Researchers at the Walter and Eliza Hall Institute (WEHI) have discovered a small molecule compound that can selectively block cell death, potentially opening new therapeutic avenues for neurodegenerative diseases like Parkinson's and Alzheimer's disease. The study, published in Science Advances, identifies WEHI-3773 as a promising candidate for developing next-generation neuroprotective drugs.
Novel Mechanism Targets Cell Death Pathway
The research team, including scientists from the WEHI Parkinson's Disease Research Centre, identified WEHI-3773 through a high-throughput screen of over 100,000 chemical compounds conducted in collaboration with the National Drug Discovery Centre. The compound works by targeting BAX, a killer protein that damages mitochondria and triggers cell death.
"We were thrilled to find a small molecule that targets a killer protein called BAX and stops it working," said co-corresponding author Professor Guillaume Lessene. "While not the case in most cells, in neurons turning off BAX alone may be sufficient to limit cell death."
The study revealed that WEHI-3773 inhibits the interaction between voltage-dependent anion channel 2 (VDAC2) and BAX, preventing BAX recruitment to mitochondria and subsequent cell death. This mechanism represents a novel approach to modulating apoptosis effector proteins.
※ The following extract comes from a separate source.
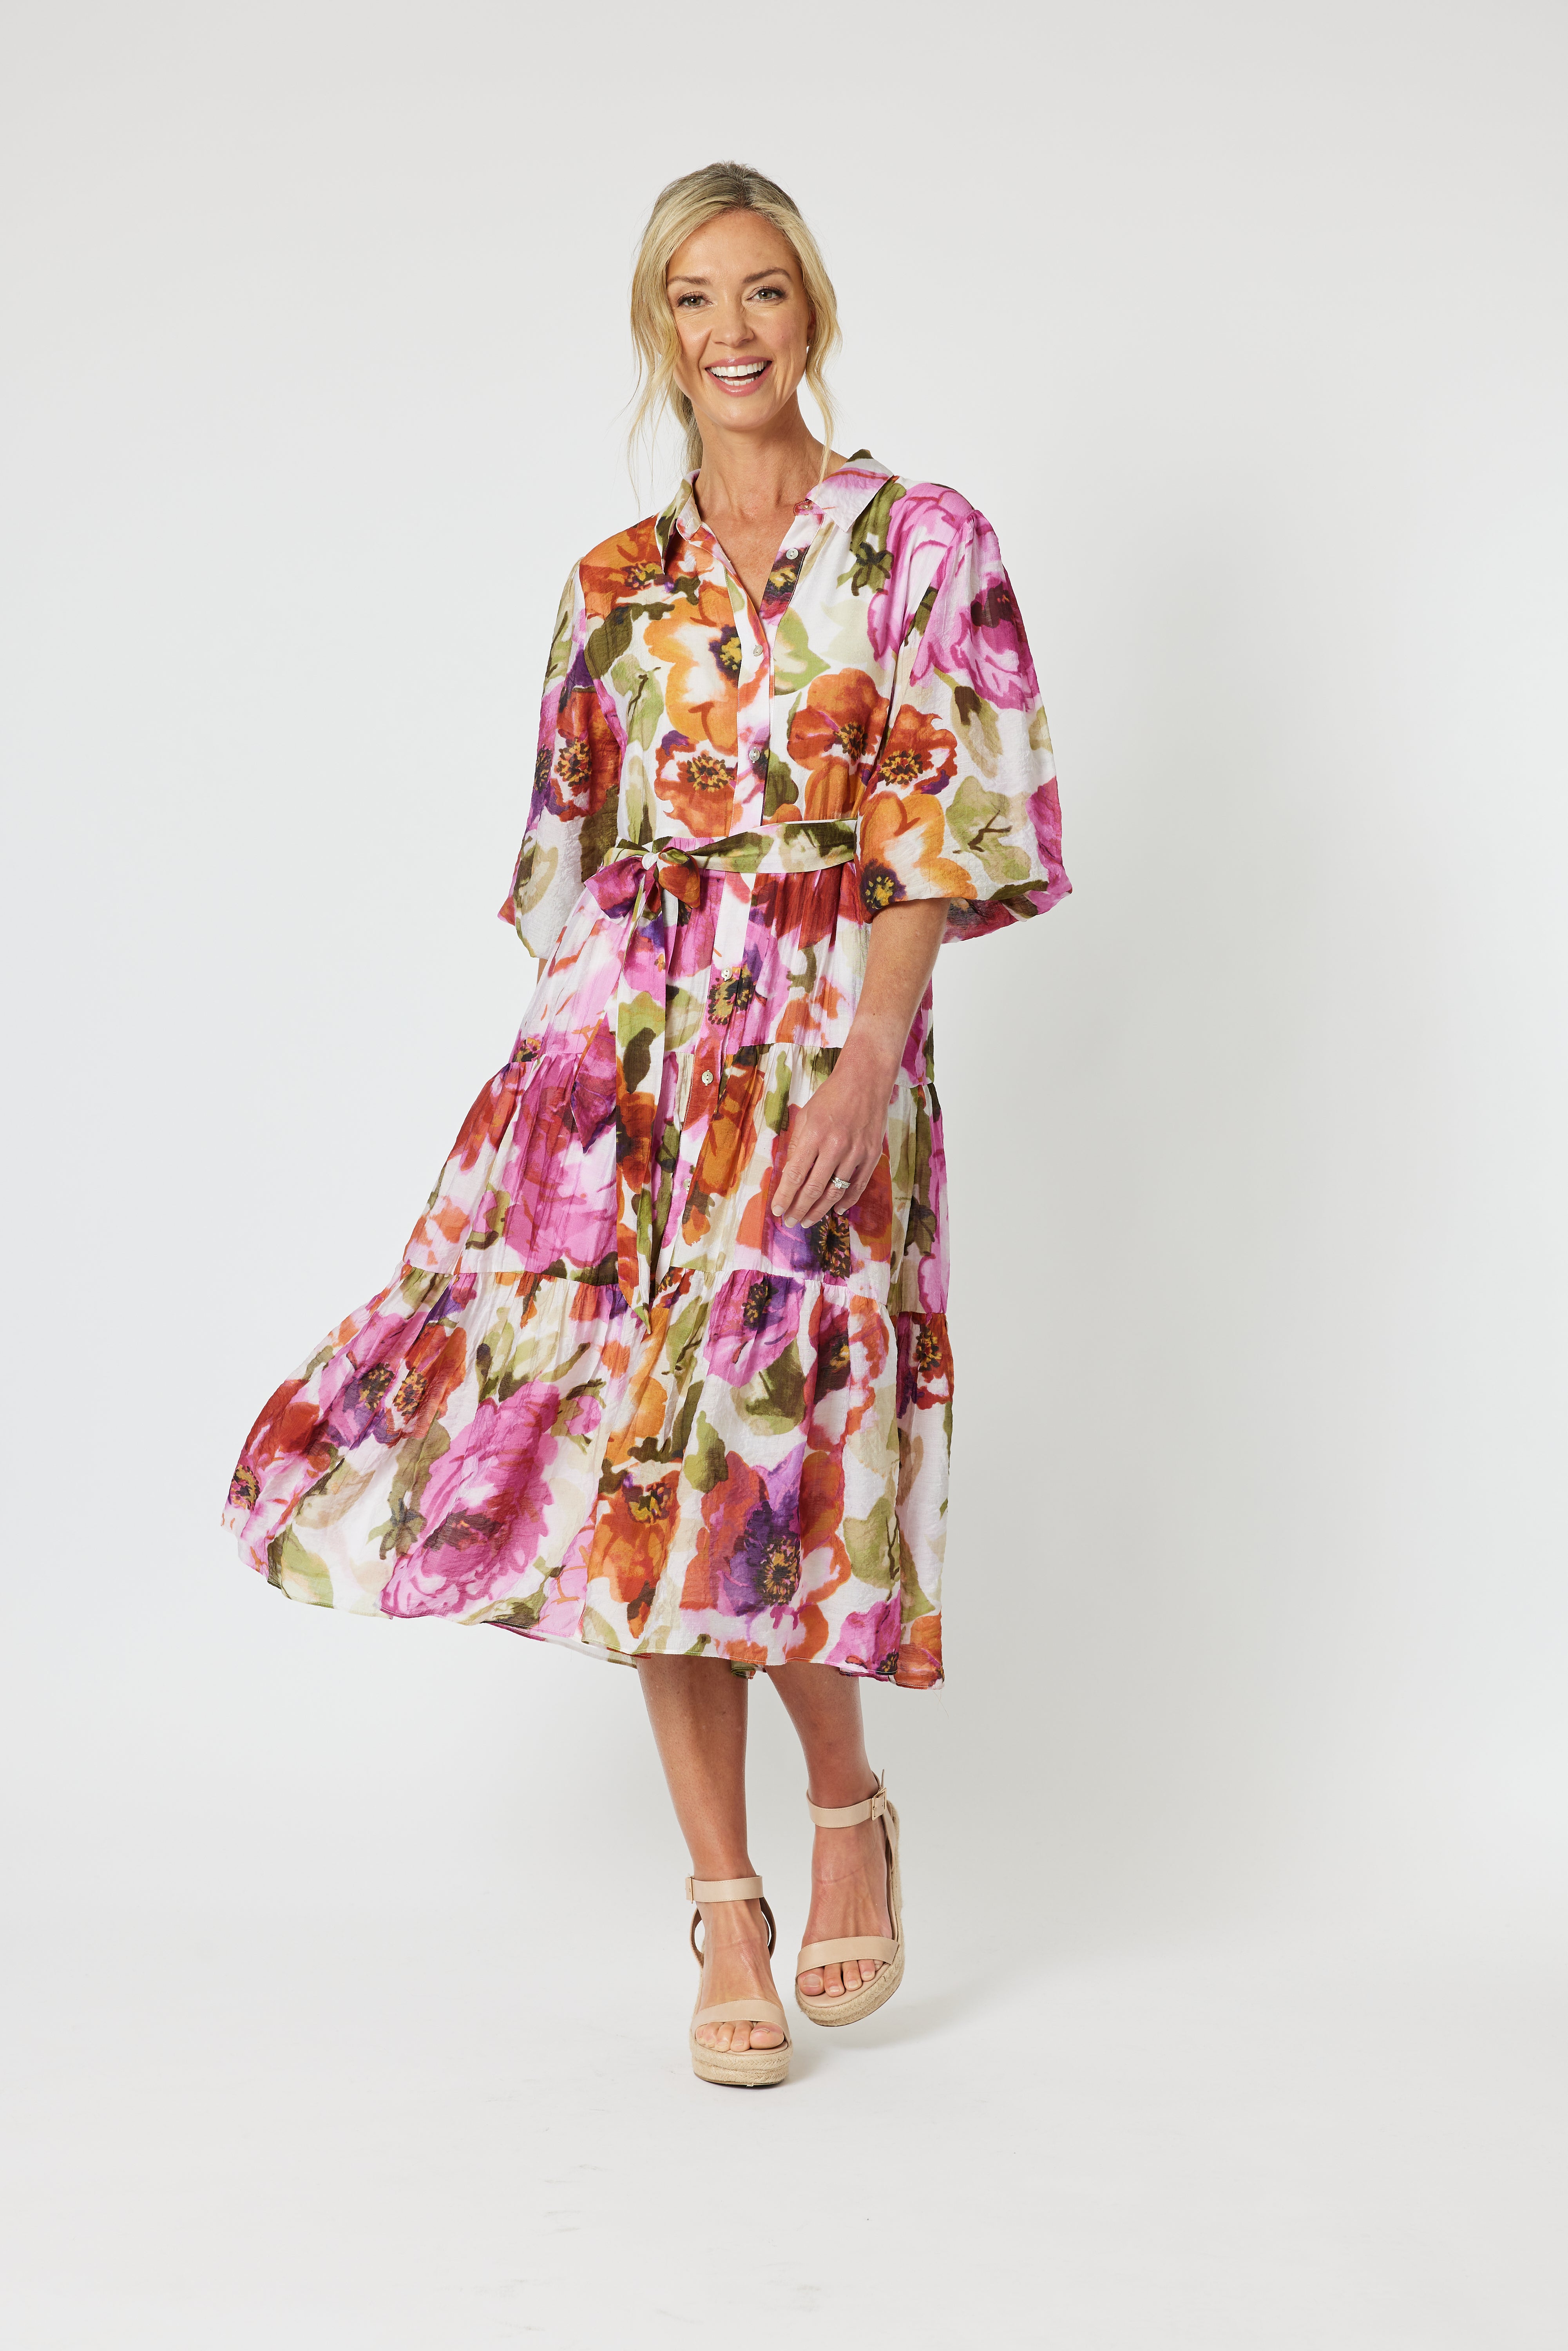 Gordon Smith Maui Floral Print Dress - Berry

Differential Effects on Cell Death Proteins
The research uncovered contrasting effects of WEHI-3773 on different cell death proteins. While the compound prevents BAX-mediated cell death by blocking its mitochondrial recruitment, it promotes BAK-mediated cell death by limiting inhibitory interactions with VDAC2. In cells expressing both proteins, the BAK activation effect dominates through a feed-forward mechanism where BAK activates BAX.
Lead author Kaiming Li from the Dewson Lab explained the significance: "For the first time we could keep BAX away from mitochondria and keep cells alive using this molecule. This could pave the way for next-generation cell death inhibitors to combat degenerative conditions."
Addressing Critical Unmet Medical Need
The discovery addresses a significant gap in treating neurodegenerative diseases, where excessive cell death contributes to disease progression. Professor Grant Dewson, co-corresponding author and head of the WEHI Parkinson's Disease Research Centre, emphasized the clinical potential: "Currently there are no treatments that prevent neurons from dying to slow the progression of Parkinson's. Any drugs that could be able to do this could be game changing."
The research builds on decades of pioneering cell death research at WEHI, including a 1988 discovery of a protein that stopped programmed cell death, which eventually led to new cancer treatments. However, developing cell death blockers for neurodegenerative conditions has proven more challenging than creating cell death triggers for cancer therapy.
Validation Through Target Engagement Studies
To confirm WEHI-3773's mechanism of action, researchers performed drug affinity responsive target stability assays. These experiments demonstrated that WEHI-3773 binding to VDAC2 affected its stability against proteolysis in a dose-dependent manner. Incubation of mitochondria with 400 nM WEHI-3773 inhibited VDAC2 proteolysis, supporting direct engagement of the compound with VDAC2 on the mitochondrial membrane.
Future Therapeutic Development
The findings demonstrate that modulating BAK and BAX interactions with VDAC2 represents a viable strategy for affecting their apoptotic activity, despite these proteins being traditionally challenging therapeutic targets. The research team expressed optimism that these data will inform the design of inhibitors targeting BAX and BAK apoptotic activity as potential treatments for neurodegenerative disorders.
The WEHI Parkinson's Disease Research Centre is leveraging its expertise in cell death, ubiquitin signaling, mitochondria, and inflammation to accelerate discovery of disease-modifying therapies. Through a multidisciplinary approach to understanding disease mechanisms, the center aims to transform treatment options for patients with neurodegenerative conditions.
The research was supported by the Bodhi Education Fund and the National Health and Medical Research Council, highlighting the collaborative effort required to advance potential treatments for conditions affecting millions worldwide.